I got a strange error message cannot use []feed literal (type []feed) as type []feed in field value
and after some fiddling and minimizing the source I figured out that this situation seems to produce the error:
type user struct {
Feeds []feed
}
type feed struct{}
func fn() {
type user struct {
Feeds []feed // seems to refer to the outer feed type
}
type feed struct{}
_ = user{
// "cannot use []feed literal (type []feed) as type []feed in field value"
Feeds: []feed{},
}
}
http://play.golang.org/p/gNIGhPwAgl
Is this the intended behaviour or a bug? I've spend some time reading the language specification but can't find anything explicitly stating how type declaration order in scopes should work. It's a bit unintuitive that order does not matter in the outer scope but does in the inner.
This is so by the language spec.
Quoting the relevant part: Declarations and scope:
The scope of a type identifier declared inside a function begins at the identifier in the TypeSpec and ends at the end of the innermost containing block.

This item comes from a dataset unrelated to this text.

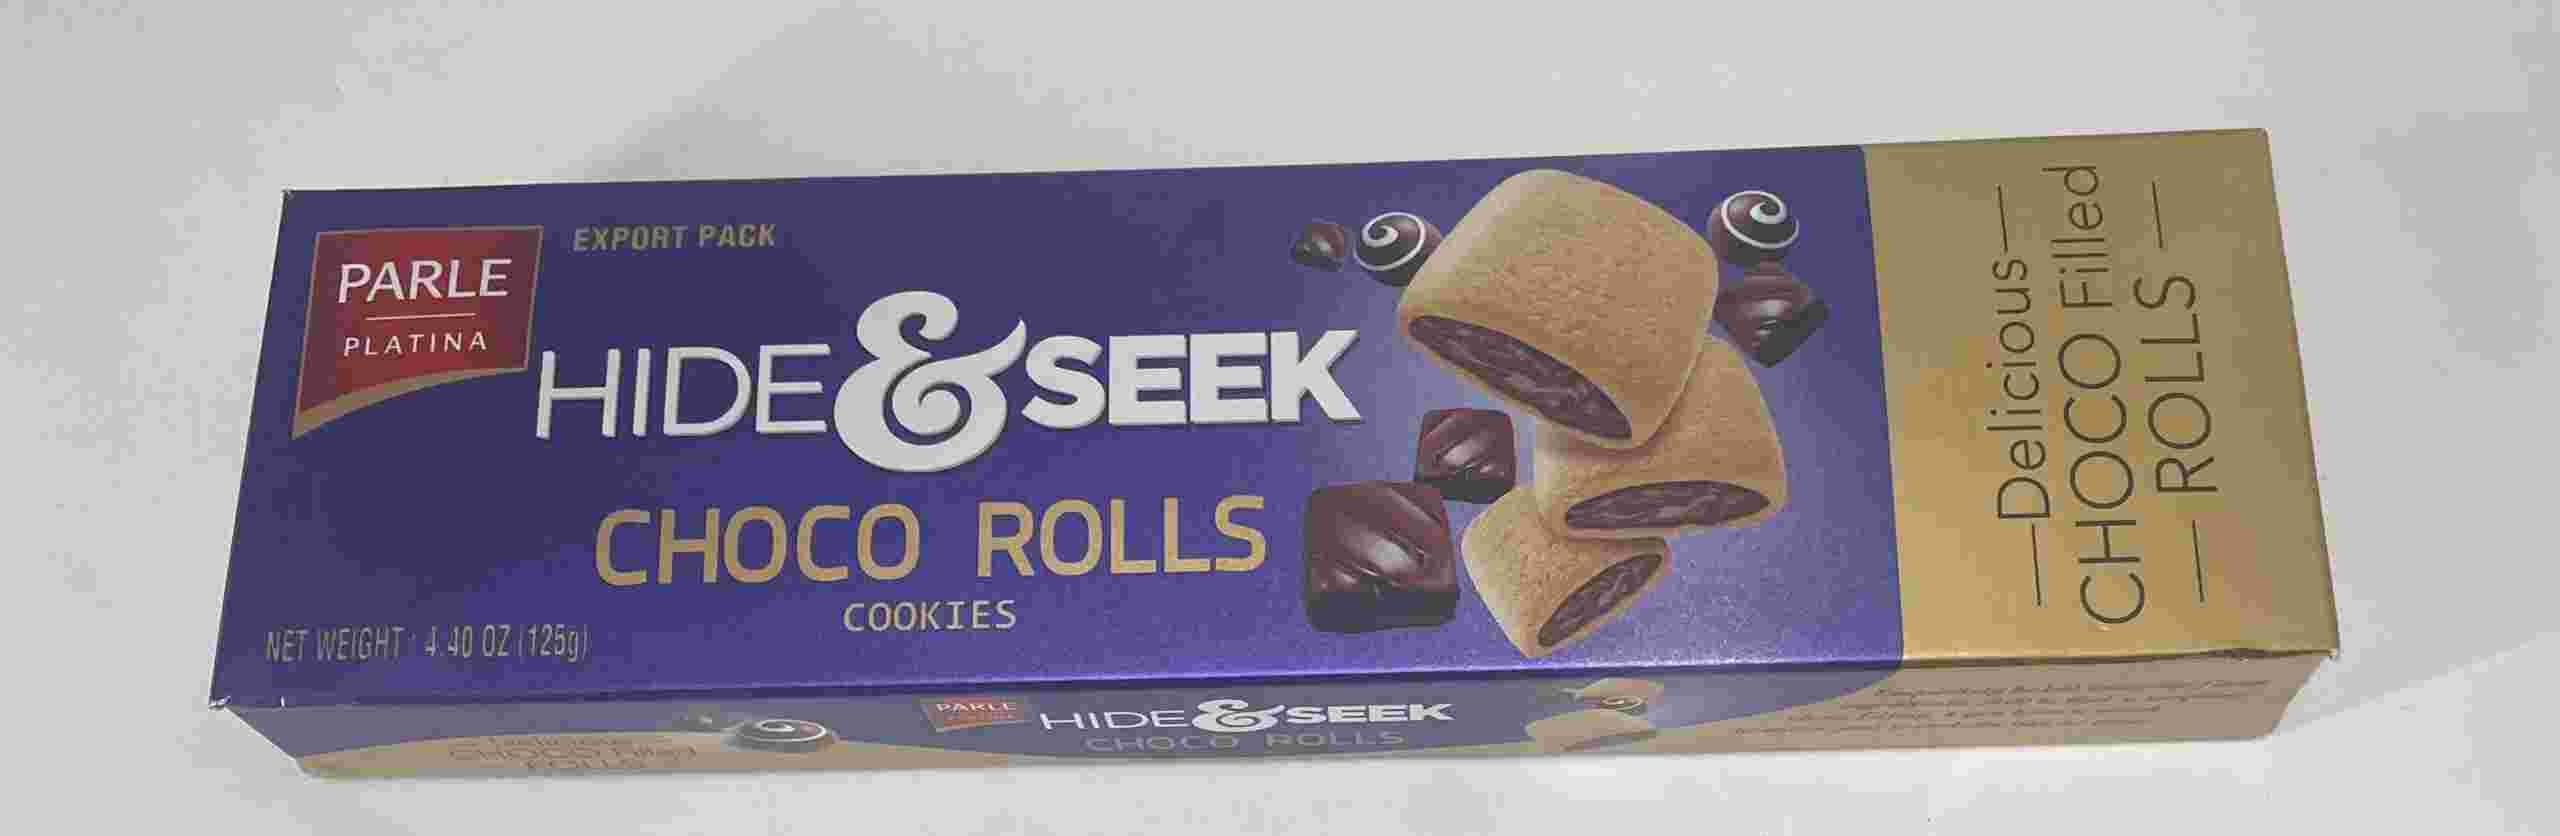 Parle Hide & Seek Choco Rools

Types declared inside a function are only in scope from the type identifier (being declared). Before that they are not.
type user struct {
Feeds []feed // This can only be the outer feed type
}
type feed struct{} // new feed type is in scope from this line
Found thread on golang-nuts list talking about this:
Briefly, this is because order of declaration matters inside a function but does not outside. At package scope, the symbols are declared in the order that satisfies their dependencies independent of their appearance on the page; inside a function, they are declared in lexical order. A moment's reflection will show why this inconsistency has merit, although it is, well, inconsistent.